Jacobs warnt vor allem vor falschen Erwartungen in Bezug auf die Steuerungswirkungen der Praxisgebühr: „Wer glaubt, dass bei der Steuerung der Inanspruchnahme von Gesundheits­leistungen in erster Linie bei den Patienten angesetzt werden muss, liegt falsch. Warum ver­langt denn gerade die private Krankenversicherung (PKV) händeringend nach direkten Ver­tragsbeziehungen zu den Leistungserbringern? Doch nur, weil die PKV die grundsätzlich begrenzte Wirkung individueller Steuerungsinstrumente wie Selbstbeteiligungen der Patien­ten aus eigener Erfahrung kennt.“

„Anstatt individuelle Steuerungsinstrumente wie die Praxisgebühr in der GKV weiter auszu­bauen, sollte sich die Politik vor allem bemühen, die Rahmenbedingungen für vertrags­basierte Versorgungskonzepte wie Disease-Management-Programme, Hausarztversorgung oder Integrierte Versorgung auf wettbewerblicher Grundlage zu verbessern.“ Nur so könne laut Jacobs gewährleistet werden, dass keine unnötigen Leistungen erbracht und in An­spruch genommen würden, dass aber umgekehrt auch keine Inanspruchnahme von notwen­digen Leistungen unterbliebe, was zu hohen Folgekosten führen könne.

Wer etwa fordere, dass die in Disease-Management-Programme (DMP) eingeschriebenen chronisch Kranken künftig nicht mehr von der Praxisgebühr befreit werden können, erwiese der Chronikerversorgung einen Bärendienst.
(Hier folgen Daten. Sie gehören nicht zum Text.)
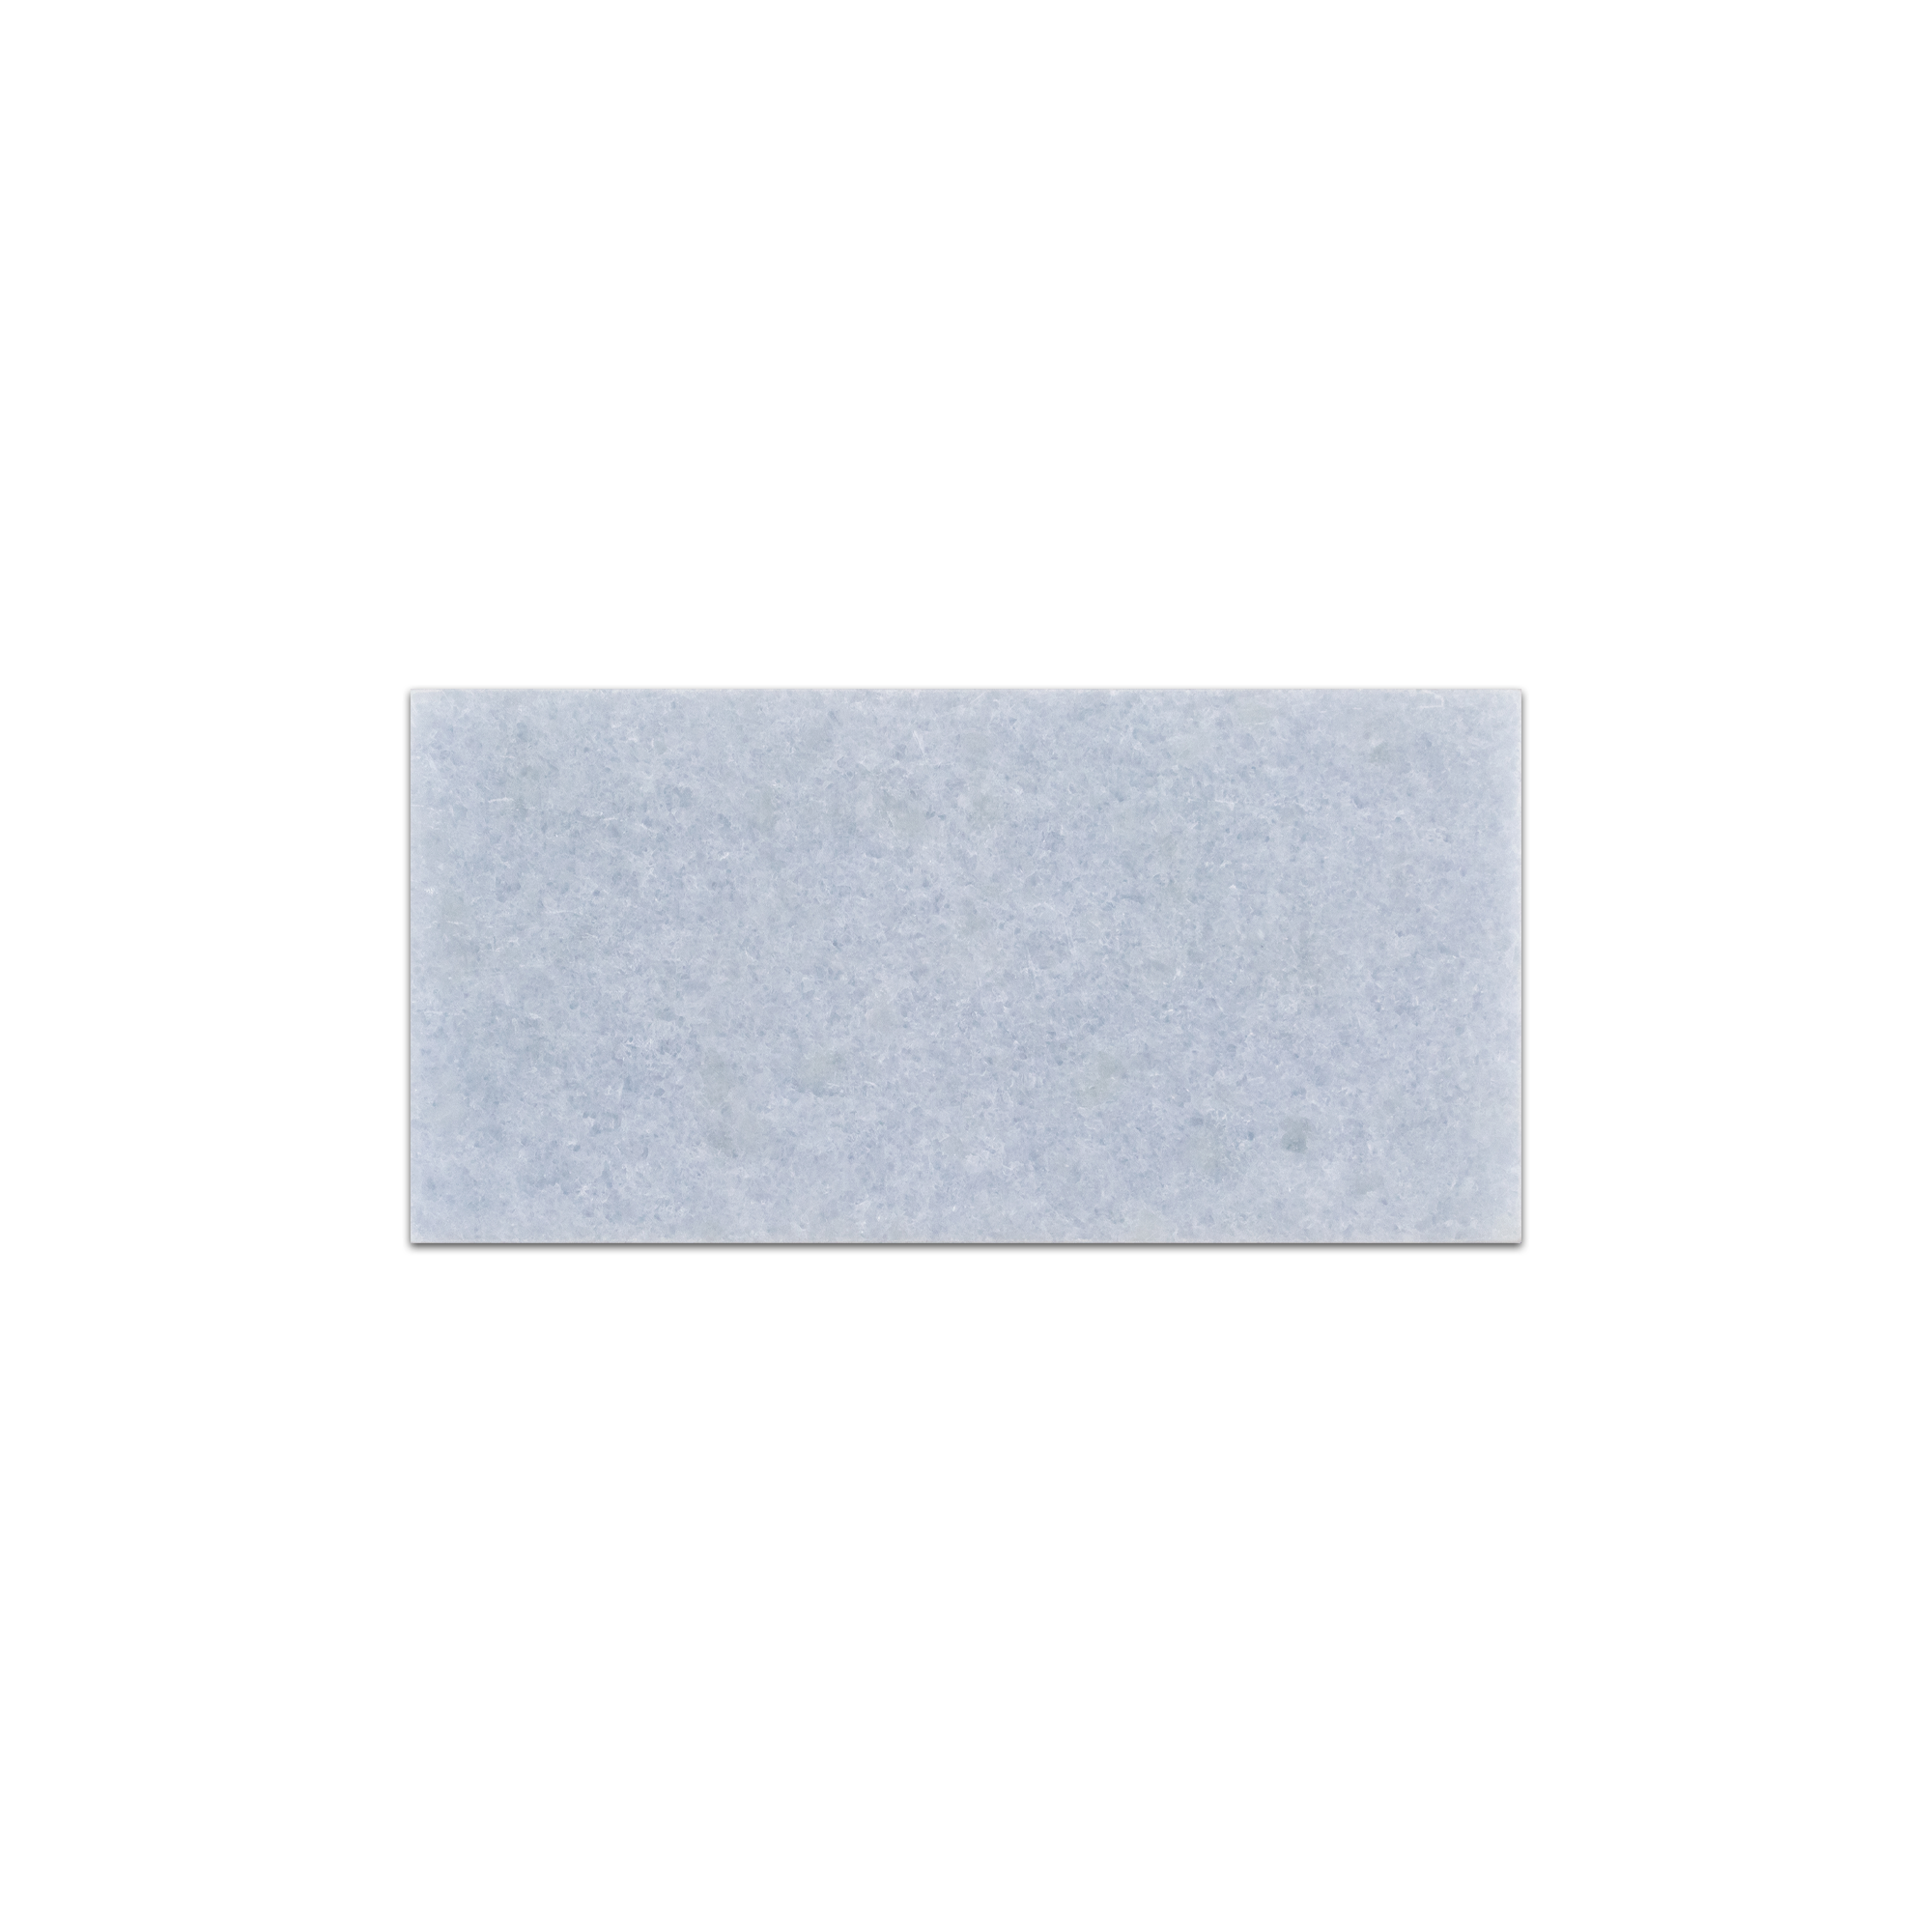 Elon Blue Celeste Marble Rectangle Field Tile, 3x6 Polished Finish, for Elegant Wall & Flooring Designs - Surface Group International.

Durch einen solchen Schritt – sowie durch Ab­schaffung der Finanzierung von DMP-Programmkostenpauschalen aus dem Gesundheits­fonds – würde nicht nur die Qualität der Chronikerversorgung gefährdet. Schon auf mittlere Sicht würden auch die Ausgaben für chronisch Kranke als Resultat einer schlechteren Ver­sorgung deutlich steigen. Daran könne kein verantwortlich handelnder Politiker interessiert sein.